Tuesday, December 2, 2008

More on PS5

I ve just seen the sample solution for PS5.

P(n): If language L has |L| = n (that is, it consists of n strings), then L has a regular expression that denotes it.

Base cases: If n = 0, then L is the empty language, and it is denoted by \emptyset.

If n = 1, then L consists of a single string. If the single string is the empty string, then the symbol \epsilon denotes L. Otherwise, we may argue that the sequence of symbols in L's single string constitutes a regular expression for L (perhaps by adding suitable parentheses). A really rigorous proof uses induction on the length of the single string.

Induction step: Assume n is a natural number, and that P(0)/\.../\P(n-1) is true. Suppose L is a language with |L|=n. If n is either 0 or 1, we're done, since the base cases show that L has a regular expression that denotes it. Otherwise, partition L into one set with n-1 strings, and another set with 1 string. By P(1) and P(n-1), these two sets have regular expressions that denote them, R1 and R2. Since L is the union of the languages denoted by these two sets, it is denoted by (R1+R2).

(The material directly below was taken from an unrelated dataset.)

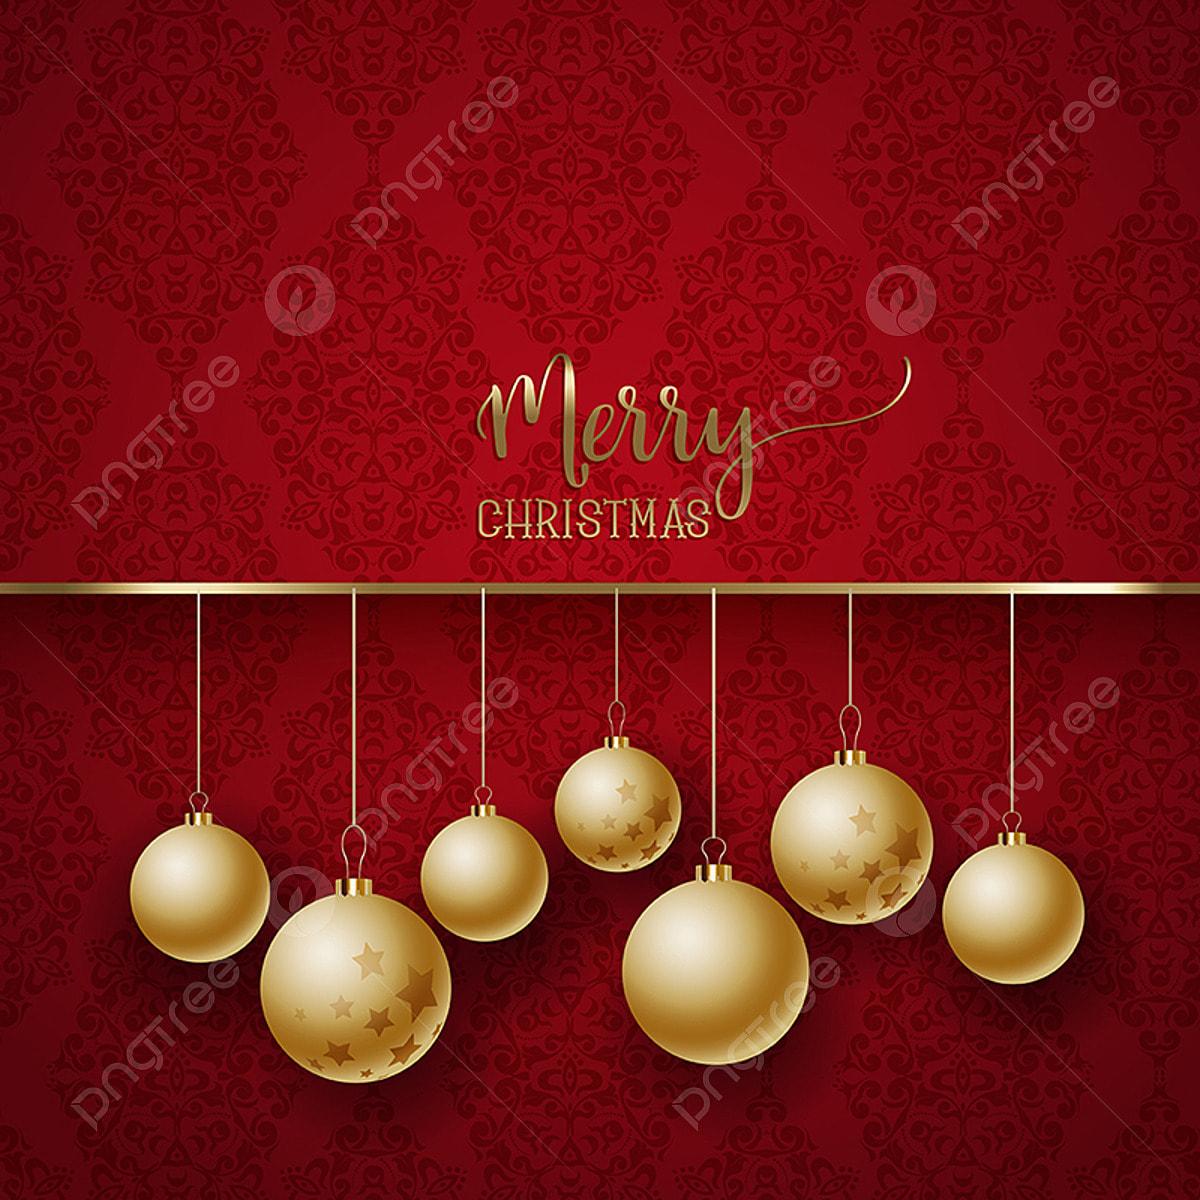 Elegant Christmas Background Images.Elegant Christmas Background 0911 Snowflake Snowy Bauble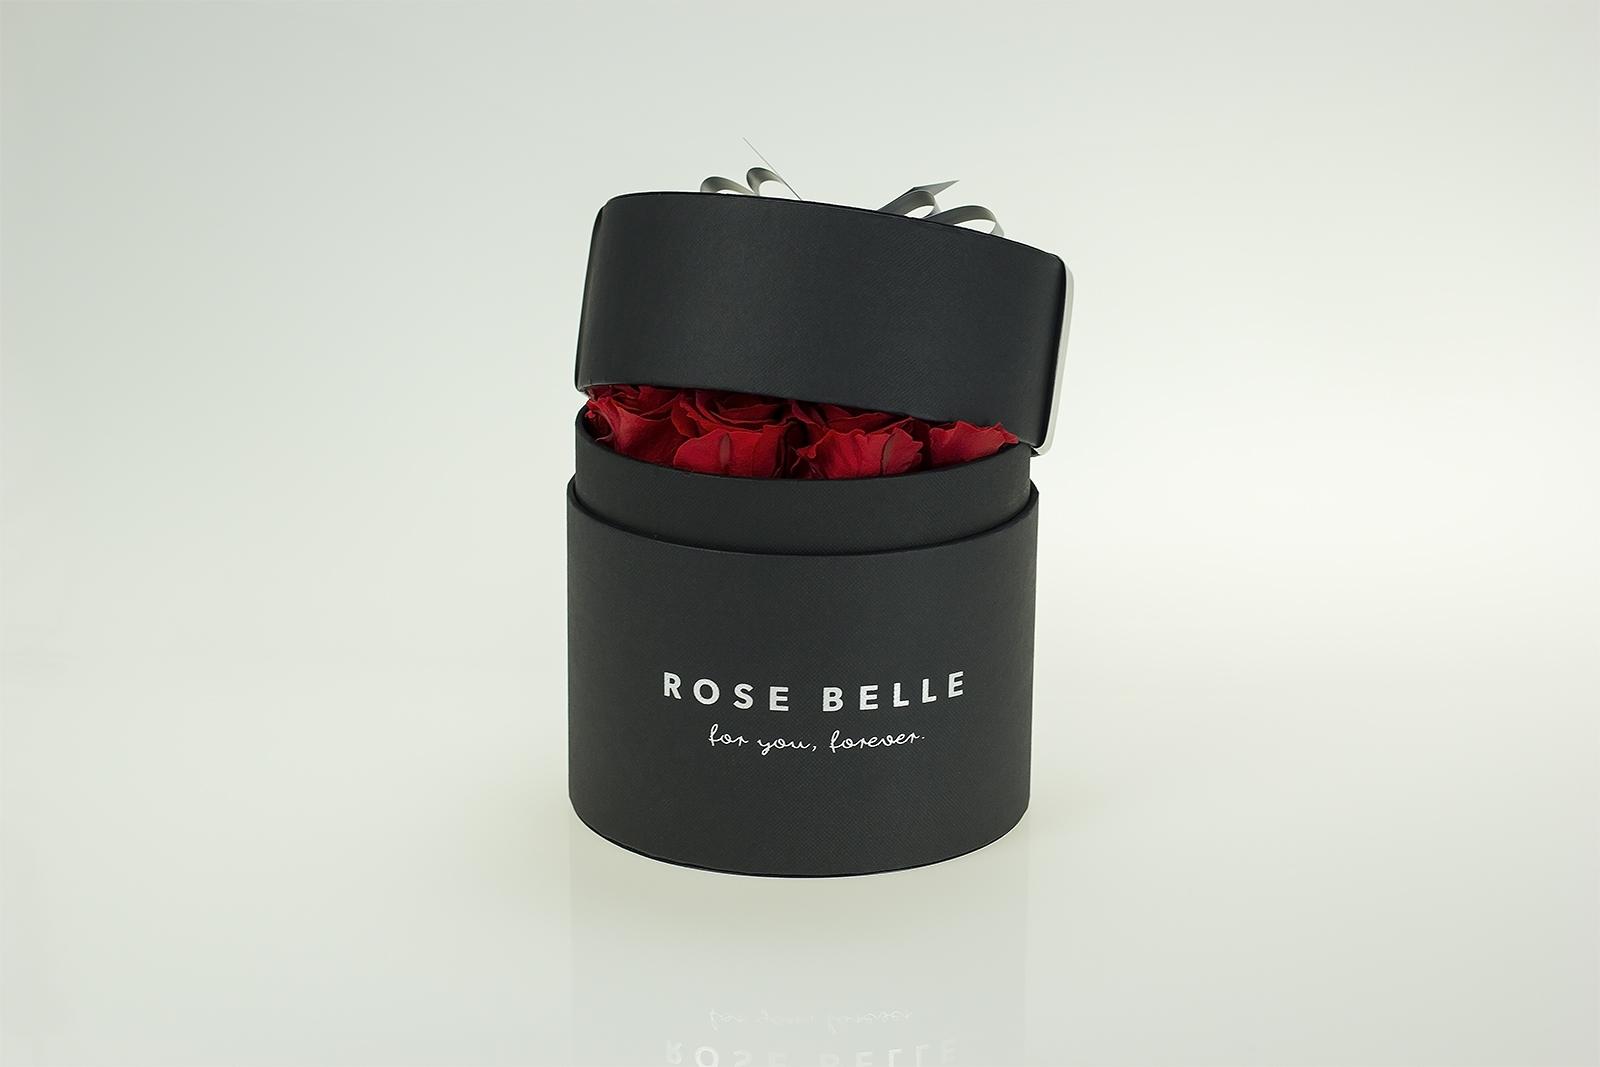 rose belle box geschenkbox mit konservierten rosen. Black Bedroom Furniture Sets. Home Design Ideas

I think a simple induction do the job as well. The base case is the same.
IH: Assume P(n) is true. Suppose L is a language with |L| = n+1. Arbitrary pick an element s from L, then there is a subset of L that does not include s. This set L' is a language that has n string, so by IH there is a regex R' that denotes L'. By one more alternation operation, we have R = R'+s that denotes L. Therefore, any finite language can be denoted by a regex.